Contract trading can increase the utilization of funds. When the market fluctuates, you can quickly achieve the goal of making money.

Taking ETH price as an example, on May 15, 2025.

ETH price: 2600 USD

Contract with 100 times leverage.

Using 100 times leverage is equivalent to increasing capital by 100 times; conversely, the price is decreased by 100 times.

For convenience in calculations, we usually calculate using a price reduced by 100 times. That is, if ETH fluctuates by 26 points, the position yields a 100% profit.

There are only two situations below:

Going long (bullish):

At a price of 2600, rising to 2626 results in a position profit of one time / 100% profit.

At a price of 2600, rising to 2652 results in a position profit of two times / 200% profit.

At a price of 2600, dropping to 2574 results in a position loss of one time / -100% profit.

At a price of 2600, dropping to 2548 results in a position loss of two times / -200% profit.

Short selling (bearish):

At a price of 2600, rising to 2626 results in a position loss of one time / -100% profit.

At a price of 2600, rising to 2652 results in a position loss of two times / -200% profit.

At a price of 2600, dropping to 2574 results in a position profit of one time / 100% profit.

At a price of 2600, dropping to 2548 results in a position profit of two times / 200% profit.

There are only these two situations in the market: rising and falling.

Be sure whether it is going up or down; there are many judgment criteria.

1. Judgments based on large and small cycles, including weekly K, daily K, 8 hours, 4 hours, 1 hour, 15 minutes, and 5 minutes.

Bearish K and bullish K are both representations of price.

2. Judgments based on indicators, including volume, moving averages, and Fibonacci levels.

3. Judgments based on news. Download Jinshi data; important news has a 5-star importance level. When 5 stars appear, market fluctuations will be significant.

In addition to direction being important, position management is also crucial. Position management refers to the ratio of principal to open positions.

With a principal of 100,000, if 10,000 is opened, the position is 10%.

At an ETH price of 2600, with a position of 10%, a fluctuation of 10*26=260 points is needed for forced liquidation.

For digital currencies, unless there is a large unilateral move, intraday fluctuations of over 200 points and price changes of 300-500 points are very rare. Most fluctuations are within 200 points. (You can check the daily candlestick chart, where the distance between highs and lows is often less than 150 points.)

From the above, we can conclude: Most of the time, fluctuations below 10% will not lead to liquidation. Trading seeks high probability events. If you fear liquidation, you can divide your capital into three parts and operate gradually. You must ensure this time you can avoid liquidation, so you have capital for the next operation.

Of course, you can also allocate based on the size of the funds:

Below 100,000: 10% position can be practiced freely every day.

100,000 to 300,000: Develop a habit of using stop-loss.

For amounts above 300,000: position is less than 5%. Use stop-loss.

The above can be further divided into several levels based on trading time periods:

1. Those who have never traded contracts

2. Contract trading for less than half a year

3. Contract trading for less than 1 year

4. Contract trading for 1-2 years

5. Contract trading for over 2 years

Different levels correspond to different amounts of capital. The lower the level, the smaller the capital, and the more frequently you need to practice.

Learn contract trading, and the future will be tenfold returns. Mastering one skill can be applied to other trading currencies later.

Based on the basic system framework above, when discussing trading, knowing the fundamentals, operations are further divided into three types based on position and point relationships:

A. Stop-loss

Stop-loss can be fixed at 60 points, with even position operations. A fluctuation of 60 points in a day may indicate a trend reversal or an incorrect directional judgment at that time. After a stop-loss, judge again based on market conditions before opening a new position. It’s normal for half of the fluctuations to be 60 points up or down, followed by a pullback of 30 points.

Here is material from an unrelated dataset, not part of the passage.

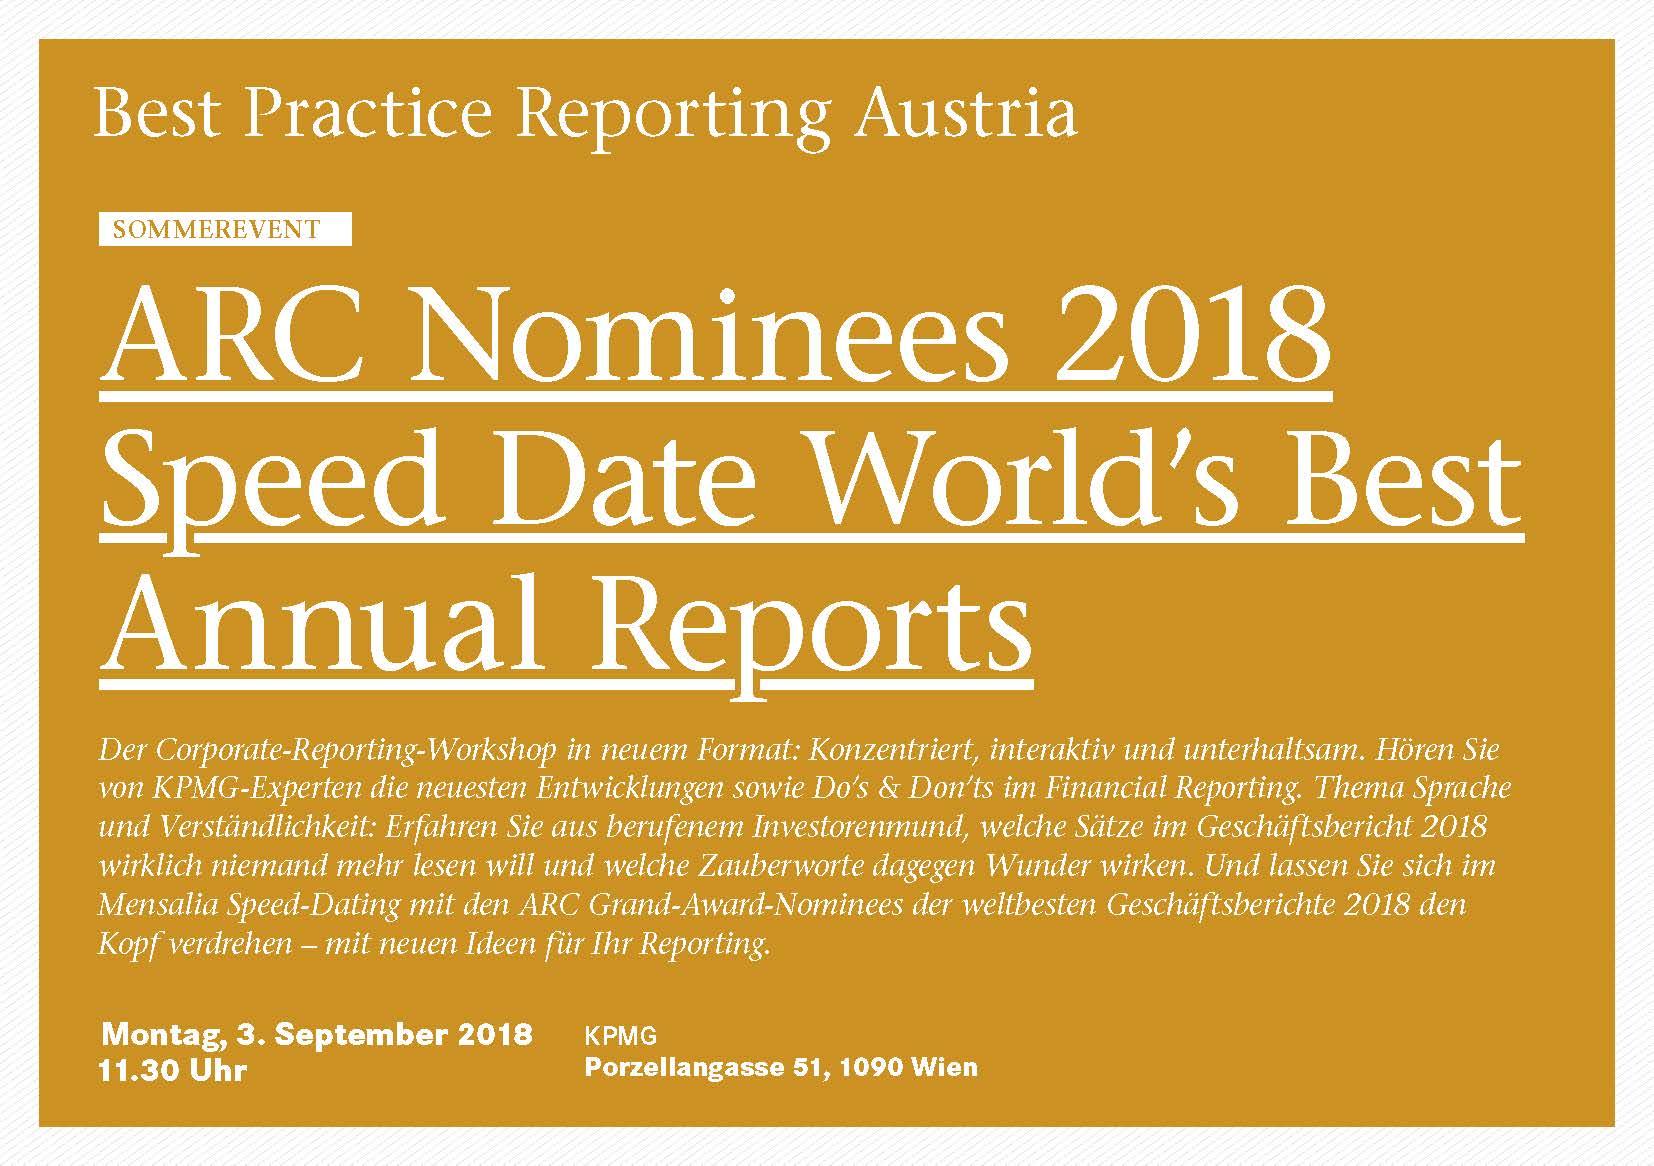 BPRA Veranstaltung ARC Nominees 2018 Speed Date World's Best Annual Reports

Re-enter after a stop-loss can reduce the floating loss at that time.

B. Pull average price

If ETH drops from 2600 to 2500, adding a hand brings the average price to 2550. Wait for the price to rebound above 2500 before reducing the position.

This operation is used in half of the fluctuating trends; without setting a stop-loss, it can still ensure no loss, converting floating losses into floating profits.

C. Long-short locking

This means opening a long position and then opening a short position.

Locking positions usually secures profits. It captures rebounds and increases profit points.

There is also position locking. Locking losses is a last chance to save oneself. In cases of severe trend fluctuations and unclear direction, locking in positions allows for reassessment the next day and unlocking after the trend stabilizes. This requires a high level of skill; advanced traders can profit regardless of how the market moves, as they are adept at using position management and locking strategies to turn floating losses into floating profits.

The above is the underlying logic of contract trading. (Personal opinion, please don't criticize) Besides practicing more, honing your market sense, the experience of liquidation is also a type of experience. Those who have never faced liquidation can never operate with large amounts of money.